### Stored data
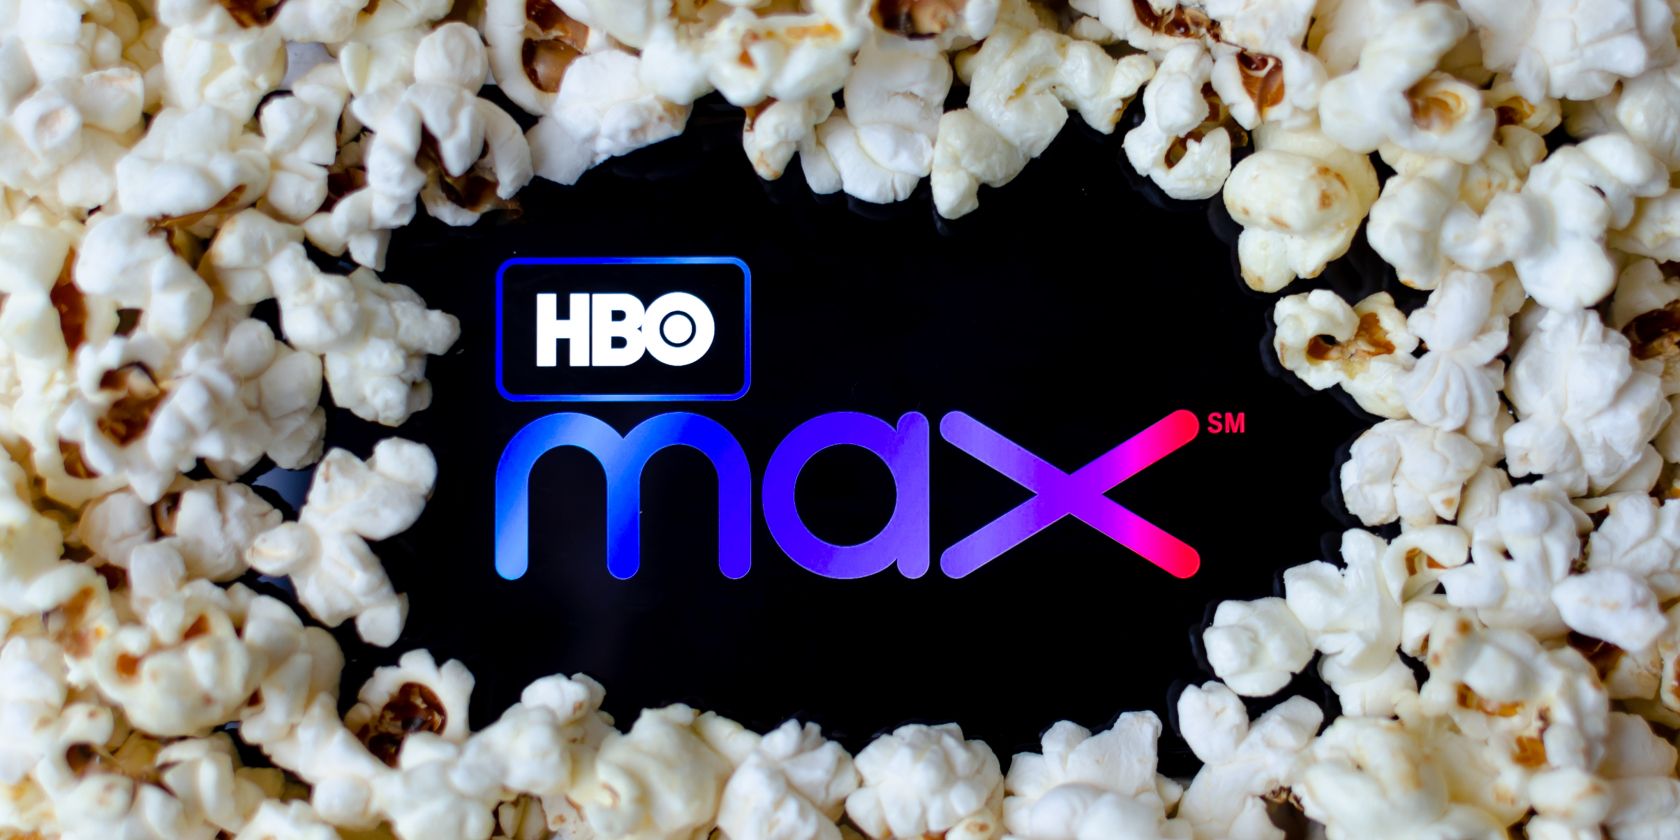 hbo max logo in popcorn
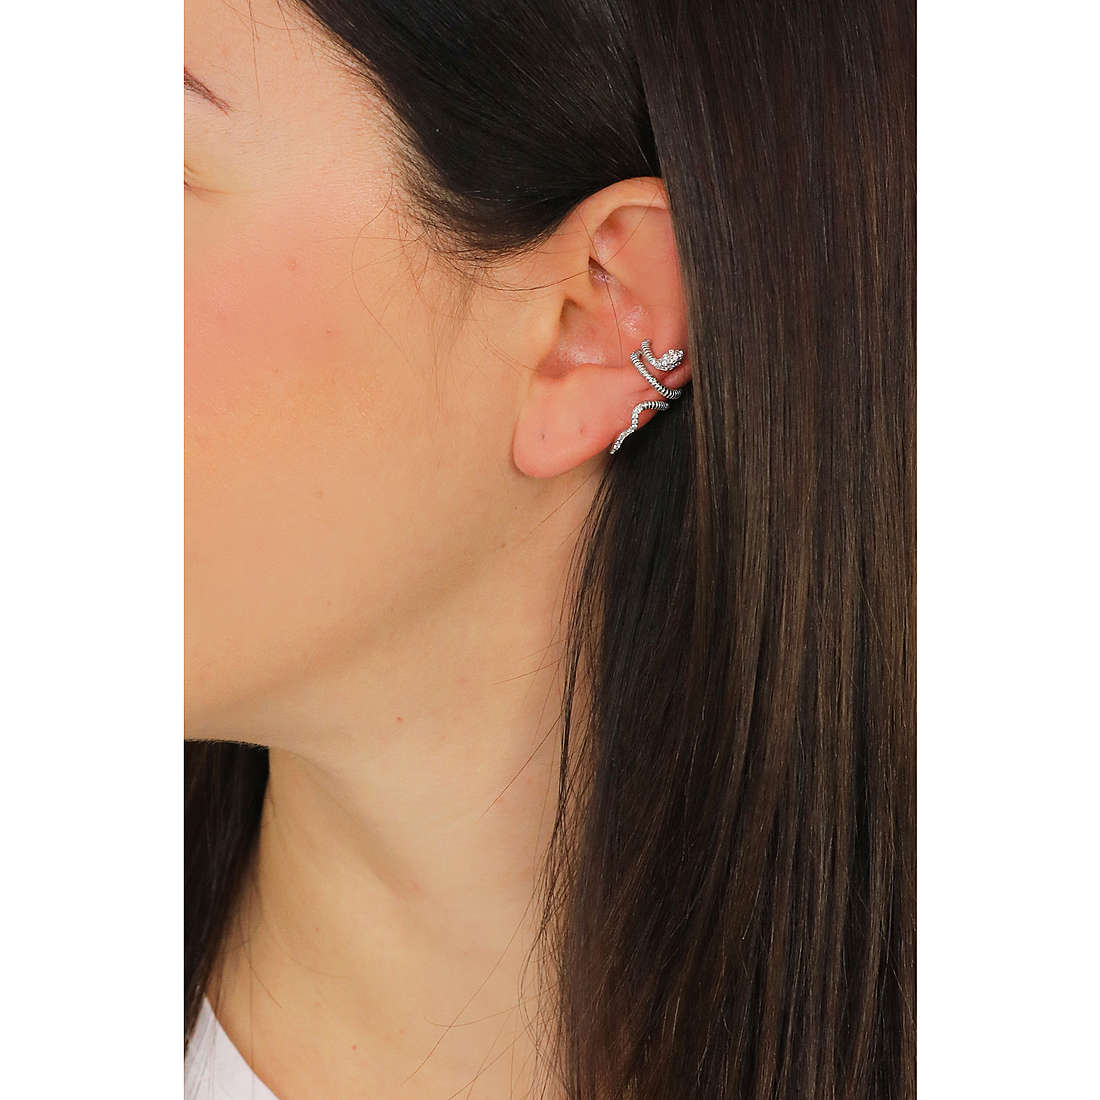 Rebecca earrings Golden ear woman SGEOBB28 wearing
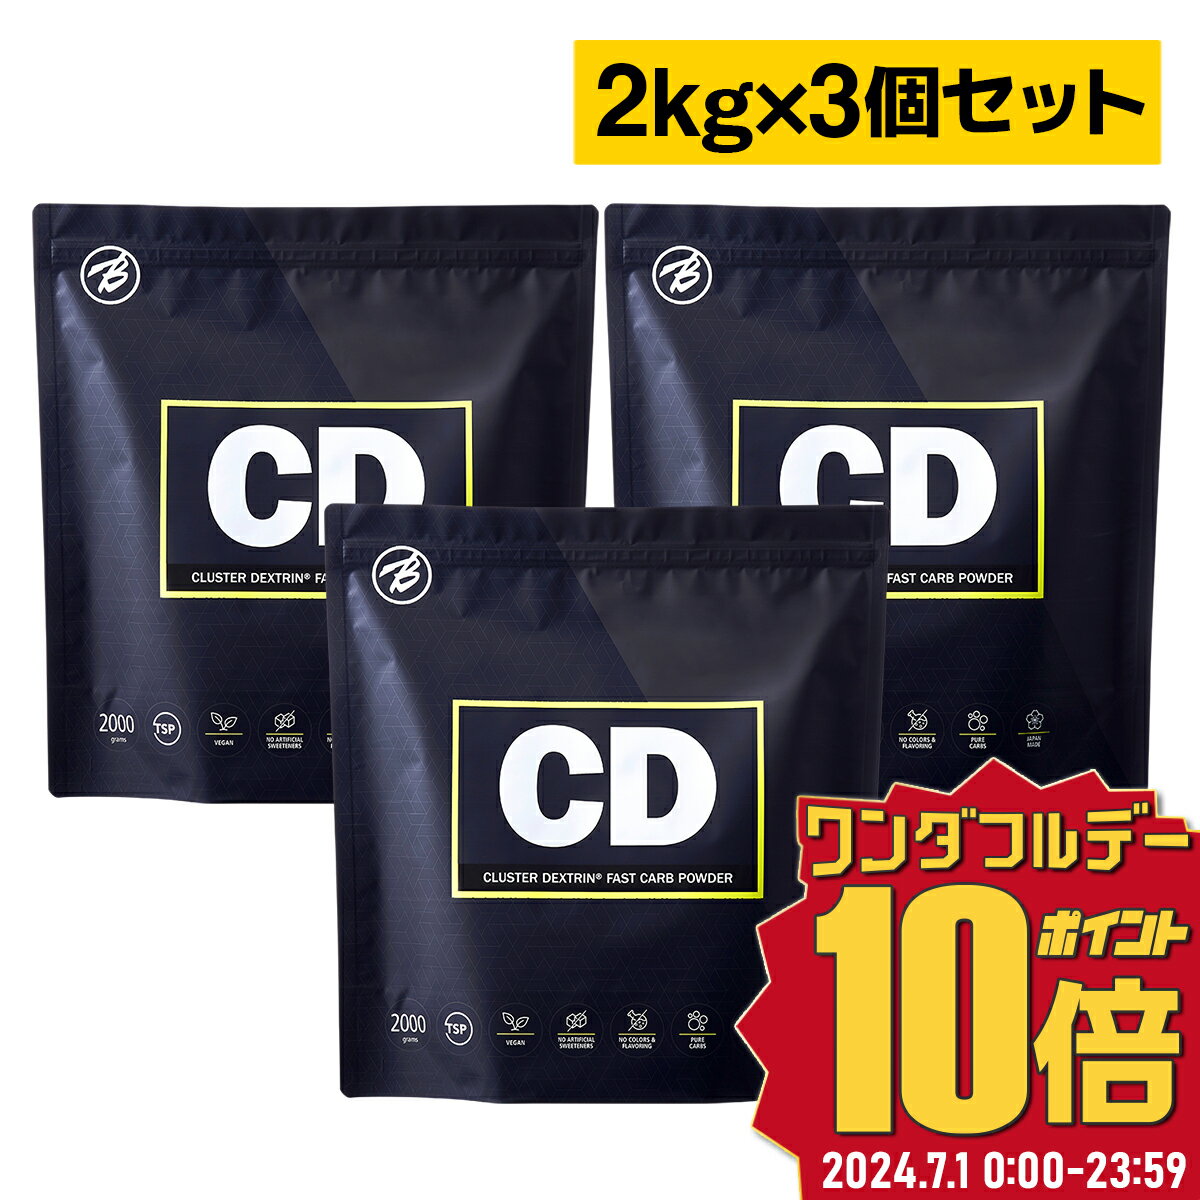 【バルクスポーツ】CD クラスターデキストリン 国産 2kg お得な3個セット 約270食分 福袋 ギフト
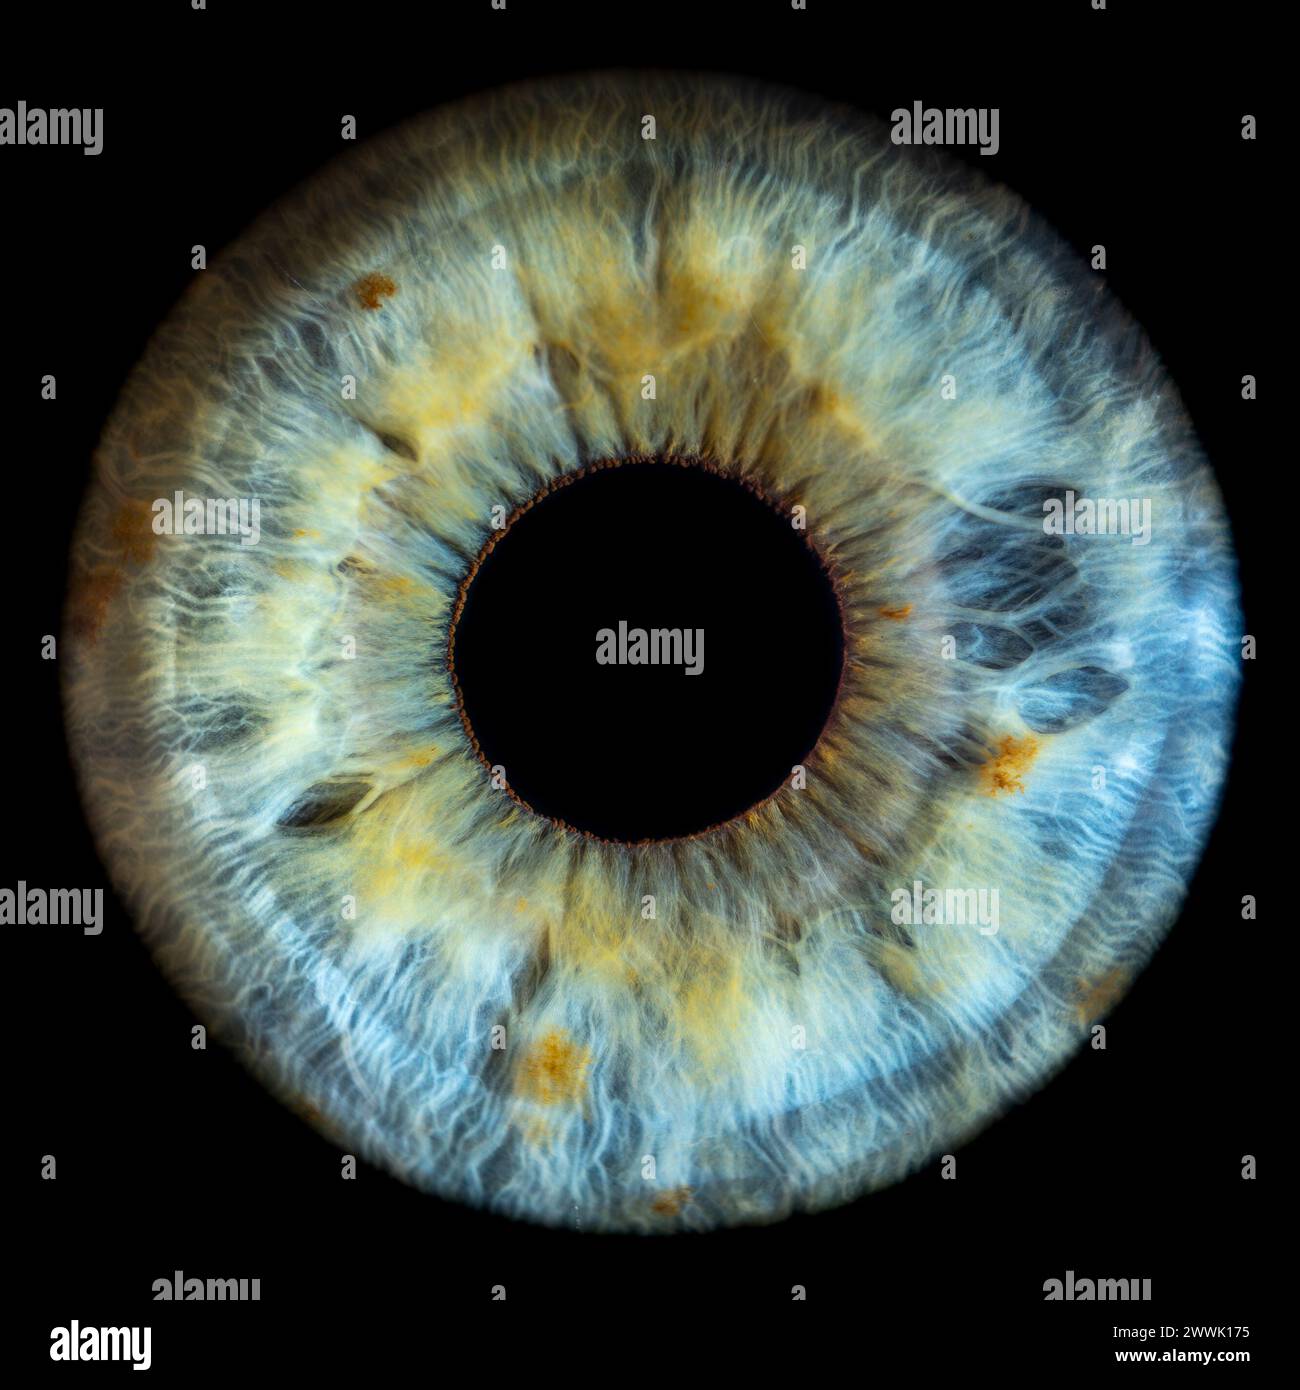 Beschreibung: Makrofoto des menschlichen Auges auf schwarzem Hintergrund. Nahaufnahme eines blau-grünen weiblichen Auges mit gelben Flecken. Strukturelle Anatomie. Iris Detai Stockfoto

### Work request
Transcribe exactly the line containing "約270食分 福袋 ギフト" and every line after it through the end of the listing above; pictures are not part of the copy.

### Exercise result
 【バルクスポーツ】CD クラスターデキストリン 国産 2kg お得な3個セット 約270食分 福袋 ギフト
 Beschreibung: Makrofoto des menschlichen Auges auf schwarzem Hintergrund. Nahaufnahme eines blau-grünen weiblichen Auges mit gelben Flecken. Strukturelle Anatomie. Iris Detai Stockfoto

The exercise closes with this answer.